Pagina:Heimans&Thijsse1896DoorHetRietland1stEdition.djvu/205

Uit Wikisource
Deze pagina is proefgelezen

183

met een vloeistof; in die kleurlooze vloeistof liggen twee fijne bolletjes, of eenigszins langwerpige, platte schijfjes. Die kunt ge niet zien, of ge moet het kommetje naar beneden buigen. Dat gaat bizonder gemakkelijk, haast vanzelf bij de minste aanraking. Daarbij bespeurt ge, dat er twee draden in hangen. Die draden verloopen naar boven, en verdwijnen in twee langwerpige spleetjes.

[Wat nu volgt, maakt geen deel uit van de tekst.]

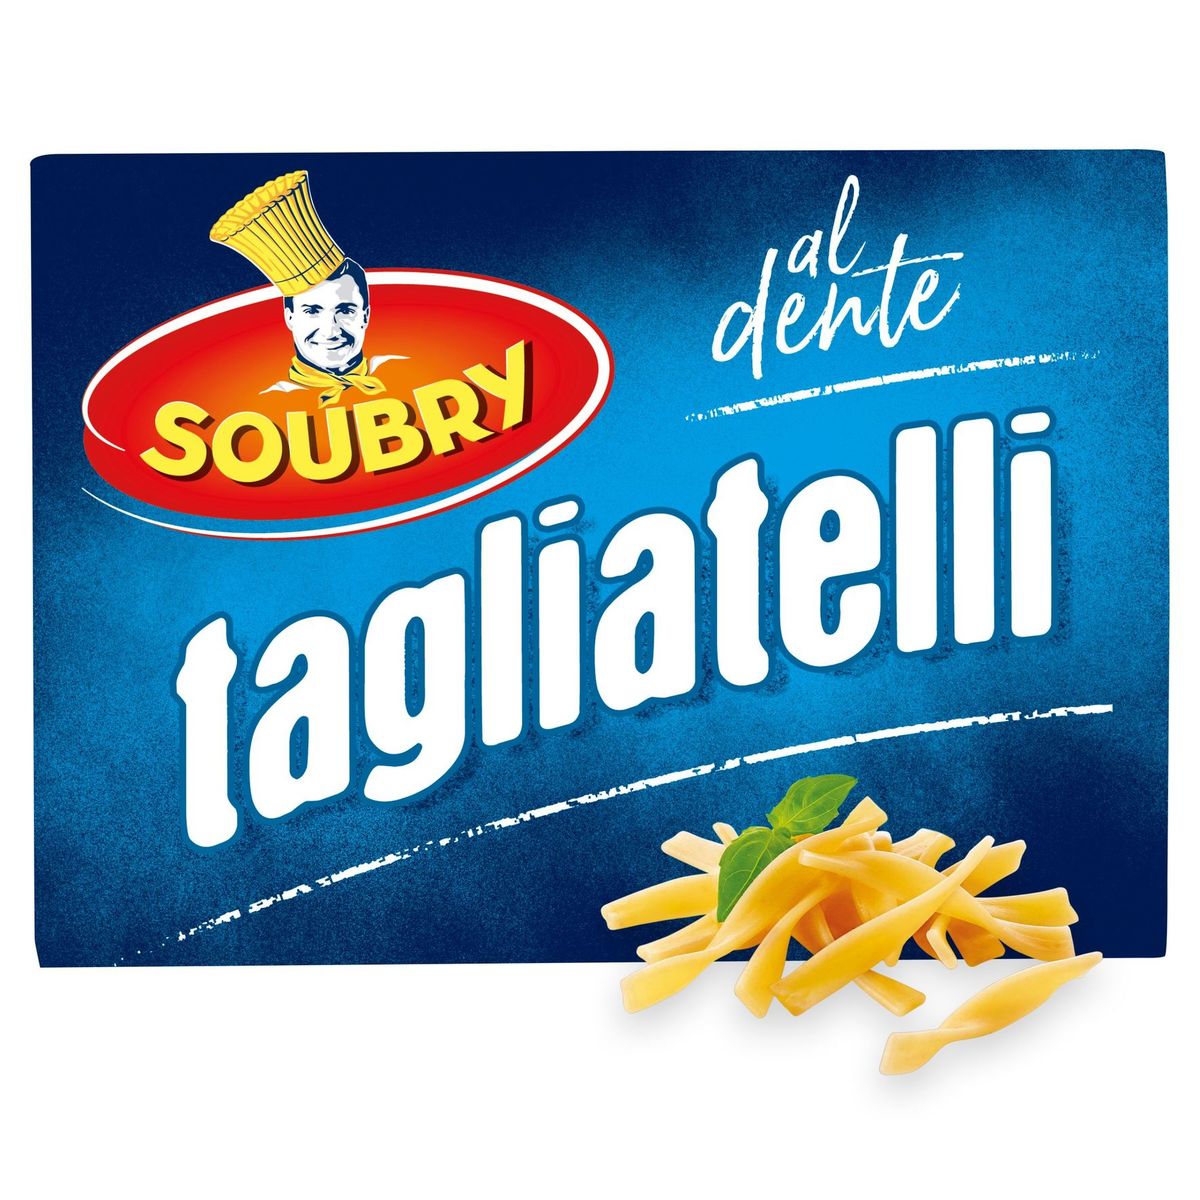 Soubry Pâtes Tagliatelli 375g
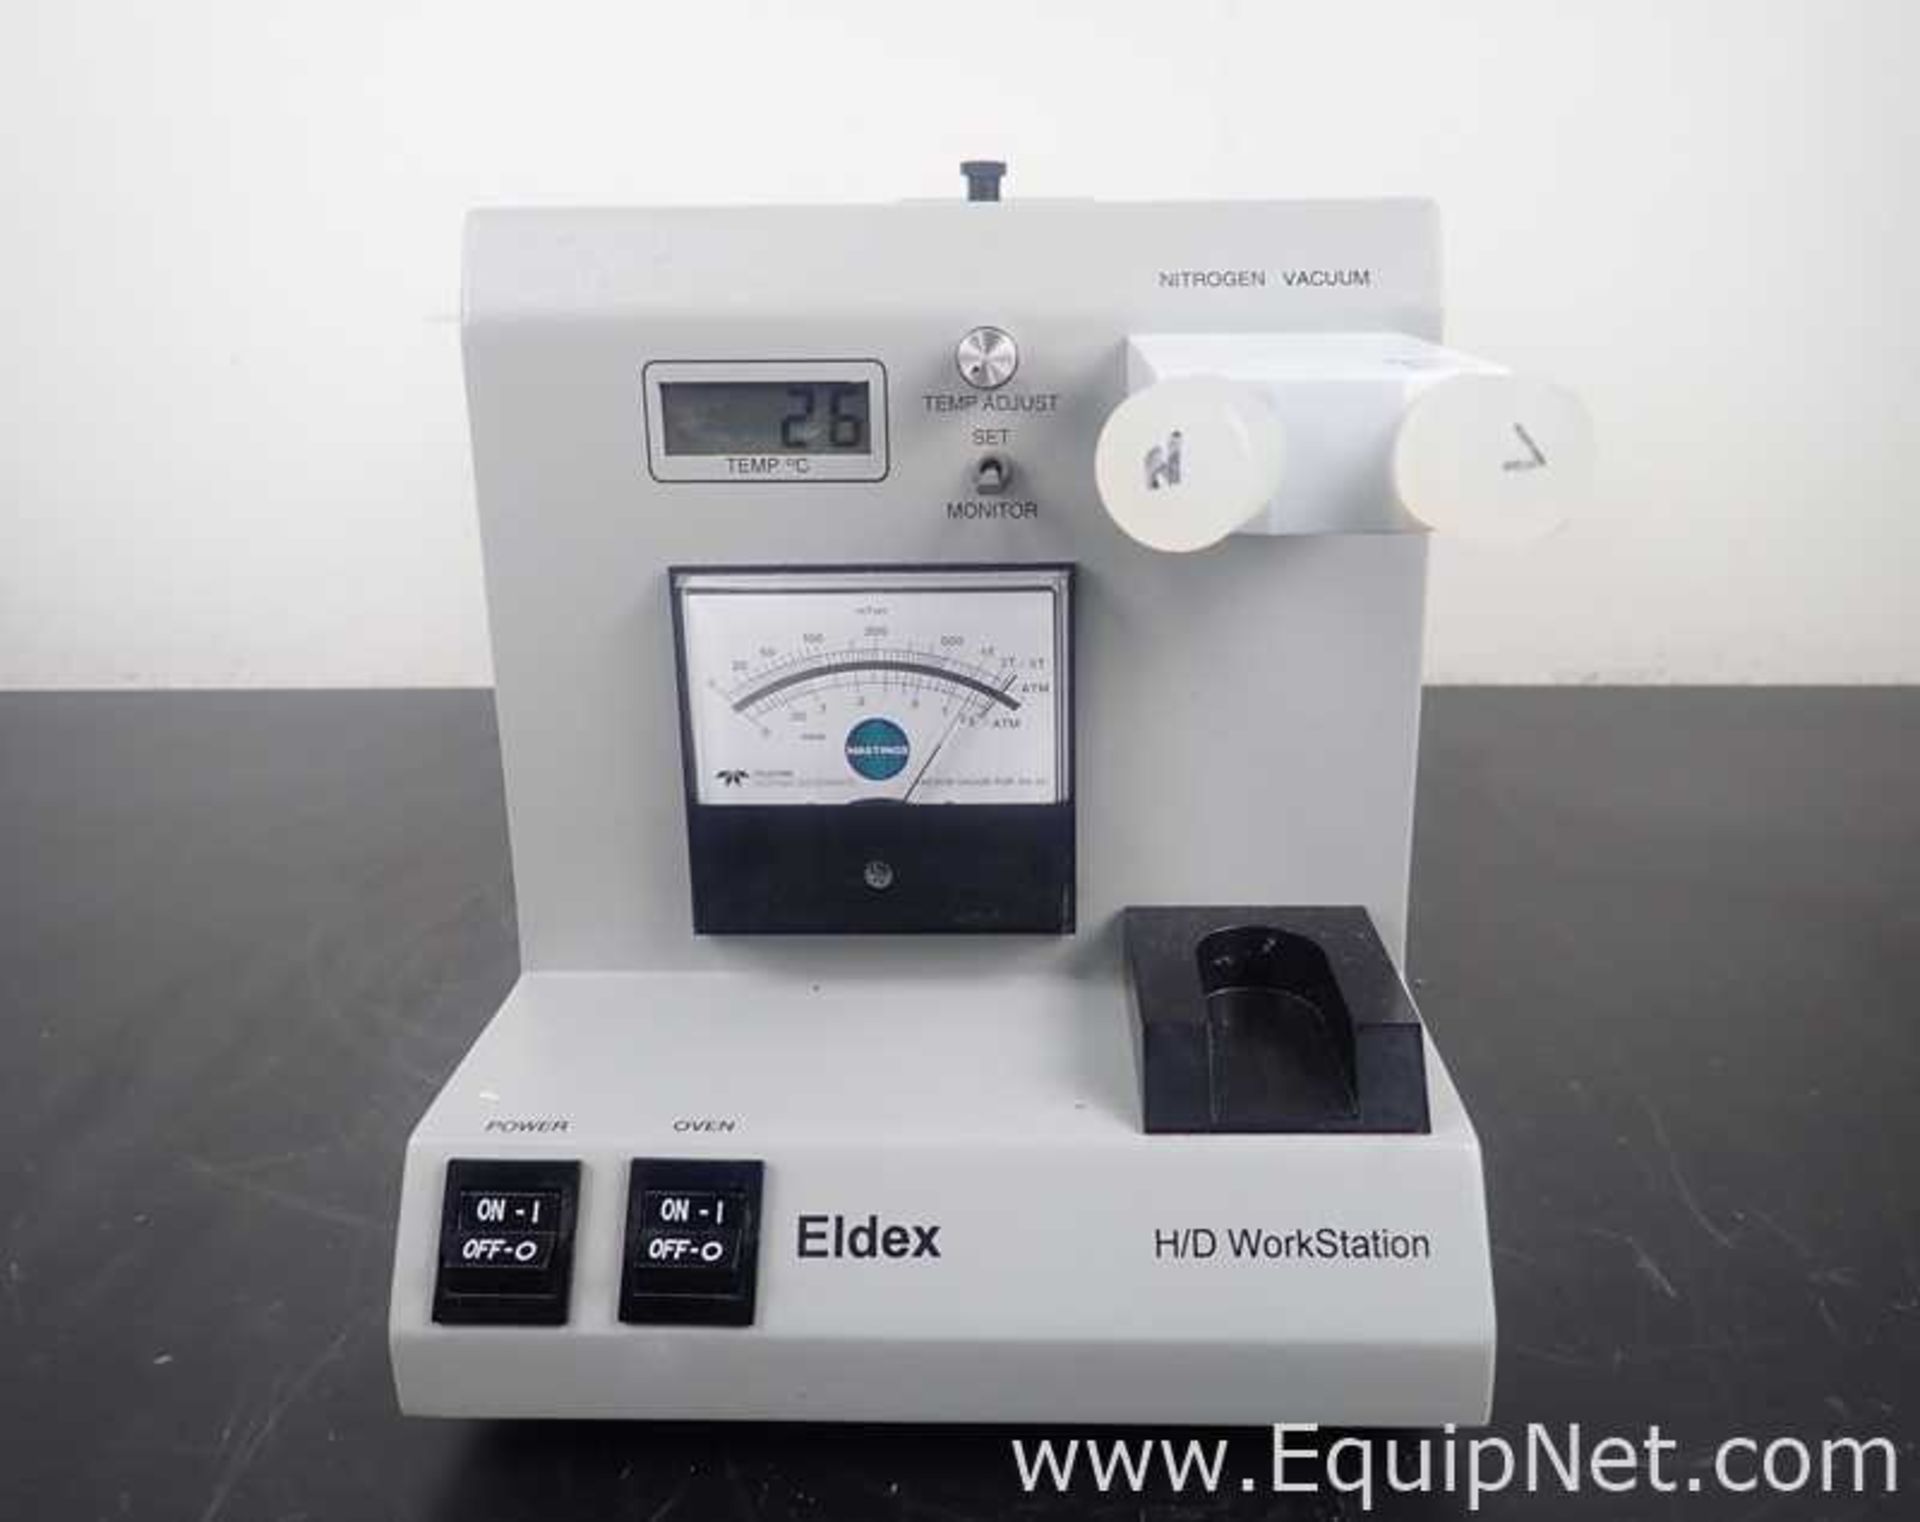 Eldex 1207 H/D Workstation

Raak nu met een potloodpunt of met een fijn grassprietje de bolletjes aan, of druk, niet al te voorzichtig, onder tegen het kommetje; wacht één of twee seconden; trek terug!

De bolletjes blijven aan het grassprietje kleven: het vocht verhardt blijkbaar in de lucht. De draadjes gaan ook mee, maar... daar komen uit de spleetjes twee witte lichaampjes voor den dag, die stokstijf op het fijne sprietje blijven staan. Ze werden door de draadjes meegesleurd.

Houd nu een paar seconden uw sprietje in 't oog.

Kijk, de gele klompjes en het bovenste deel van 't stijve draadje beginnen vóórover, nooit achterover, te buigen. Dat klompje is een verzameling van stuifmeelpakketjes; die hangen onderling weer met rekbare en toch brooze draden samen.

Kijk, ze maken nu al een rechte hoek met het onderste deel van het draadvormig steeltje; verder komen ze niet.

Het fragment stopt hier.